Outra volta ao passado é proposta por Love, de 2015: os dias de dor de Murphy (Karl Glusman), casado com Omi (Klara Kristin), pai de um filho, atormentado pelas lembranças da bela Electra (Aomi Muyock). O sentimento, aqui, está atrelado à carne: para Noé, não se separa o primeiro da segunda, confrontando o que o cinema fez – fora as exceções de praxe – até então: preservar a personagem ao explorar seu interior.

Há um pouco dessa preservação em Viagem Alucinante, não se nega: o filme é a história de um olhar pela cidade de luzes, por um Japão moderno e sujo ao mesmo tempo, esculpido à vertigem. Oscar revive para ver o que restou dele, de seu velho mundo, das consequências de sua vida (e de sua morte).

Descobre como ficam os amigos e a irmã que ele mesmo levou a Tóquio, da criança com seu urso de pelúcia à stripper de boates fortemente iluminadas, de raios entre a penumbra, de música alta – ambiente com o qual o mesmo Oscar aprendeu a se habituar, e ao qual lançou sua aparente irmã ingênua para que a mesma se formasse mulher.

O problema é que, nessa história de um olhar, o desejo pela irmã – nos poucos instantes de vida do início, na observação dos vivos ou nas lembranças do passado, quando voltam as tragédias pessoais – é evidente. A dor de uma relação mal-entendida permeia o filme todo, com o olhar à ninfeta, à irmã desejável.

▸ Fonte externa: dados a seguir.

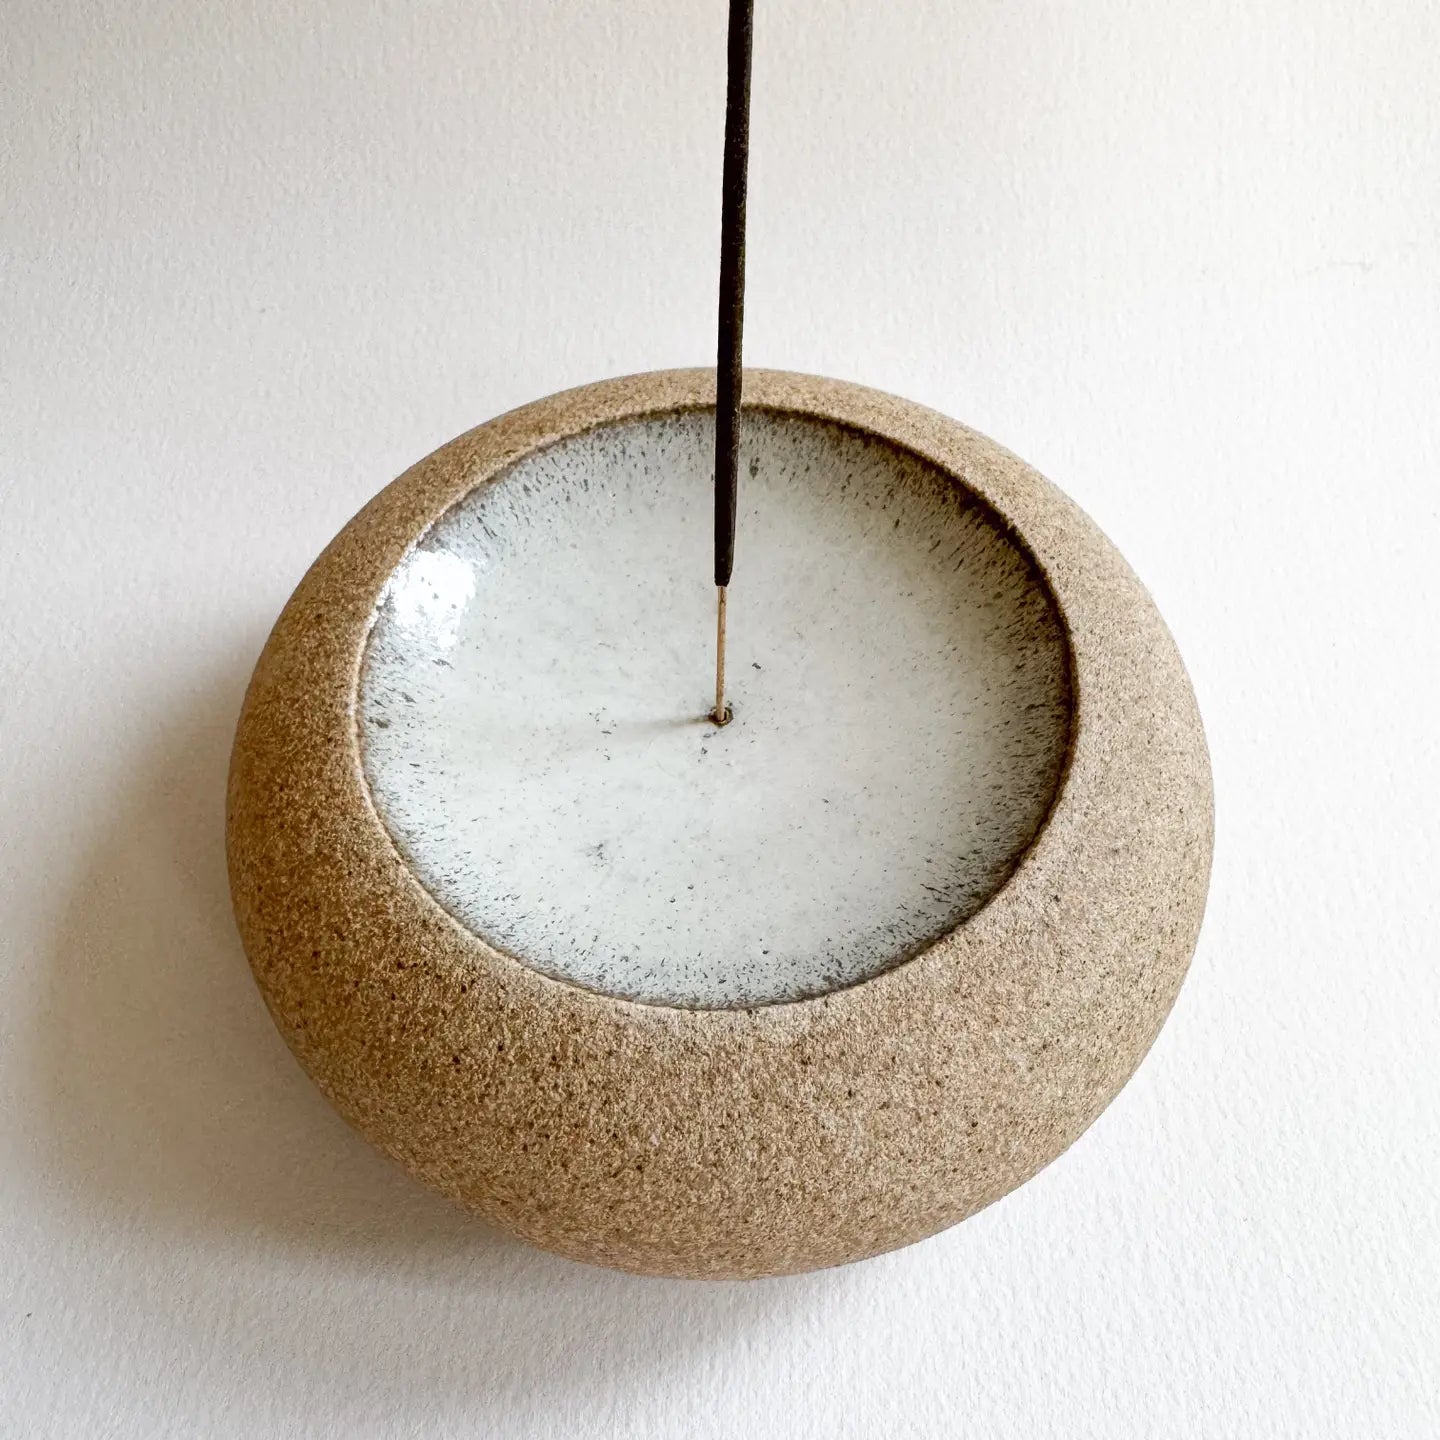 SOMBRA / sandstone incense holder 016

Nesse filme de “navegação”, no qual o espírito sobrevoa a cidade e assiste ao post mortem, em que a câmera prioriza a invasão, a quebra das paredes e planos-sequência, o problema é o desejo sexual, não os sentimentos. Portanto, situação oposta à de Love, no qual os sentimentos – em filme tão carnal – são as fontes do conflito.

De Oscar fica o olhar – ou, no máximo, o reflexo no espelho. Invasão que, às aparências, confere ao público algum privilégio, aparente acesso total pouco a pouco negado. De Oscar nascem retornos ao passado, pontos que explicam seus desejos, como o olhar aos seios da mãe, desejos de criança, mais tarde os de um homem formado.

A tortura de Oscar assemelha-se à de Murphy: em determinado ponto, esses protagonistas contam com suas memórias, espécies de assombração, dor, ferida aberta. A um como ao outro, fica o imobilismo, a impossibilidade de mudar algo – reencarnar para amar e salvar a irmã, reencontrar a mulher amada, agora desaparecida.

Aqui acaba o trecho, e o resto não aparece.